Wednesday, March 5, 2008

Review - The Dimond Age

The Diamond Age
by Neil Stephenson
1996 Hugo Winner for Best Novel

I've encountered quite a few people who think that the definition of "science fiction" is a story which takes a technological advancement and depicts the impact of that advancement. I'm not one to define the field so narrowly since the label has been used to encompass just about everything (at this point I think of science fiction more as a style than a genre), but there was a time when it seemed like that narrow focus was what authors were working on.

The Diamond Age is firmly in that form. There's a story there but really it takes a back seat to the exploration of what the advent of nanotechnology does to humanity. Stephenson is exceptional at this; his novels work best when they dig into how technology transforms people and The Diamond Age would be my selection for the top of his form.

As mentioned the book is set in a not too distant future where the ramifications of nanotechnology have completely changed the world. Anyone can have whatever they want through matter builders in the home, impossible architecture made possible by super-strong materials grows buildings out of the ground, an entire island is raised from the sea and populated with animatronic mythological beasts in a matter of minutes. It's a time of miracles.

And then there are the horrors. Ever present nanopolution and a fragmentation of mankind into tiny cliques.
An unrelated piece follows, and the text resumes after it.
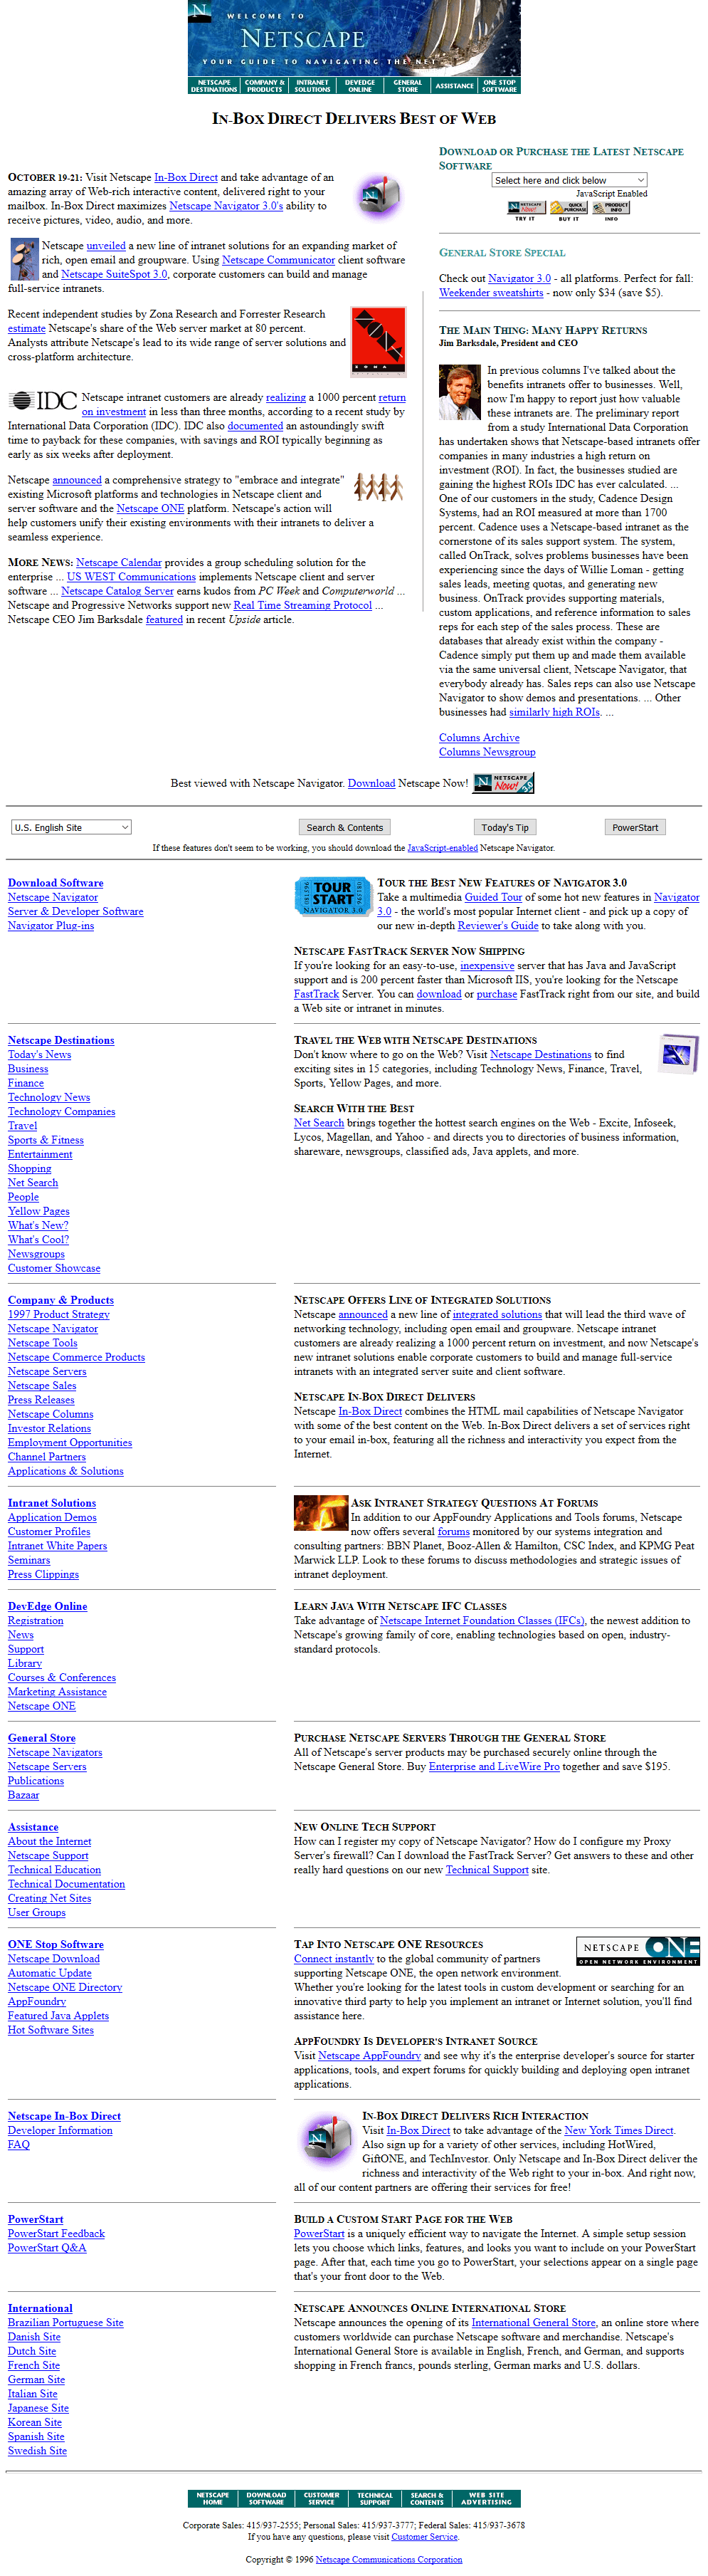 Netscape in 1996

The needs of survival may be easily available to everyone but the same class divisions still exist.

Into the crushing poverty of a slum on the Chinese coast a girl named Nell is born without a father. She has little hope for the future but her brother mugs people on the street and one evening he steals a very special book. He gives it to his little sister and it triggers a chain of events that changes the world.
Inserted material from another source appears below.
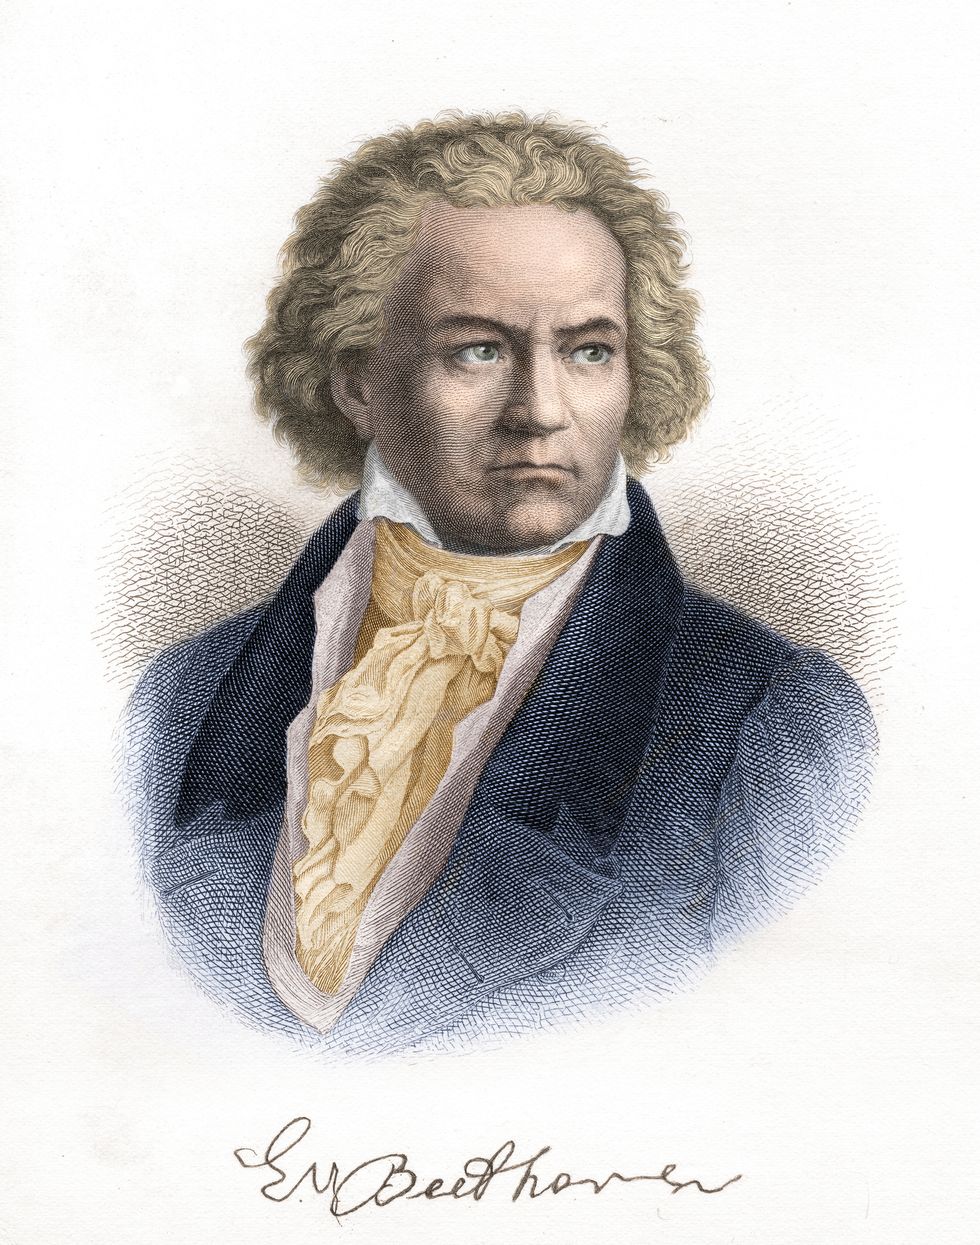 ludwig van beethoven composer portrait illustration

The book is The Young Lady's Illustrated Primer, a nanotech supercomputer built for the daughter of the CEO of largest corporation the world. He was concerned that the society that his granddaughter was being raised in was too static so it was intended to be able to each a young girl everything that she needs to succeed in life. A copy was made by one of the designers who wanted to give his daughter the same advantage and that copy was what the one stolen and given to Nell.

The focus of The Diamond Age is Nell's education from her birth to becoming a woman. There are side trips into the lives of the actress who provides a voice to the book and consequently becomes a surrogate mother to Nell, the designer who stole the book and becomes involved in a plot to take nanotechnology to forbidden extremes, and a magistrate caught between the law and justice.

I would be remiss if I didn't at least mention the ending. It is beyond anti-climactic. Several plot lines that I though were dropped and just didn't go anywhere are suddenly reintroduced three pages from the end and wrapped up with text that essentially amounts to, "And then everything was better and they all lived happily ever after." Stephenson has a reputation for not being able to end a book and The Diamond Age is a perfect example of this.

Also while Nell is an interesting character no one else is. Every time the book drifted away from her I just wanted it to get back to Nell's story. Everyone else is just there to report the plot or tell us about the wonders of the future.

That future on the other hand is breathtaking in its depth. I can't think of an aspect of nanotechnology that Stephenson didn't delve into. It literally transforms every aspect of the world but Stephenson also knows that no matter how technology changes human beings will still act like human beings.

For this reason I think The Diamond Age is worth the attention it received. The complexity of the world building and the thoughts on a technology that is becoming more and more important makes it feel very relevant. So despite its flaws I found it to be a great book.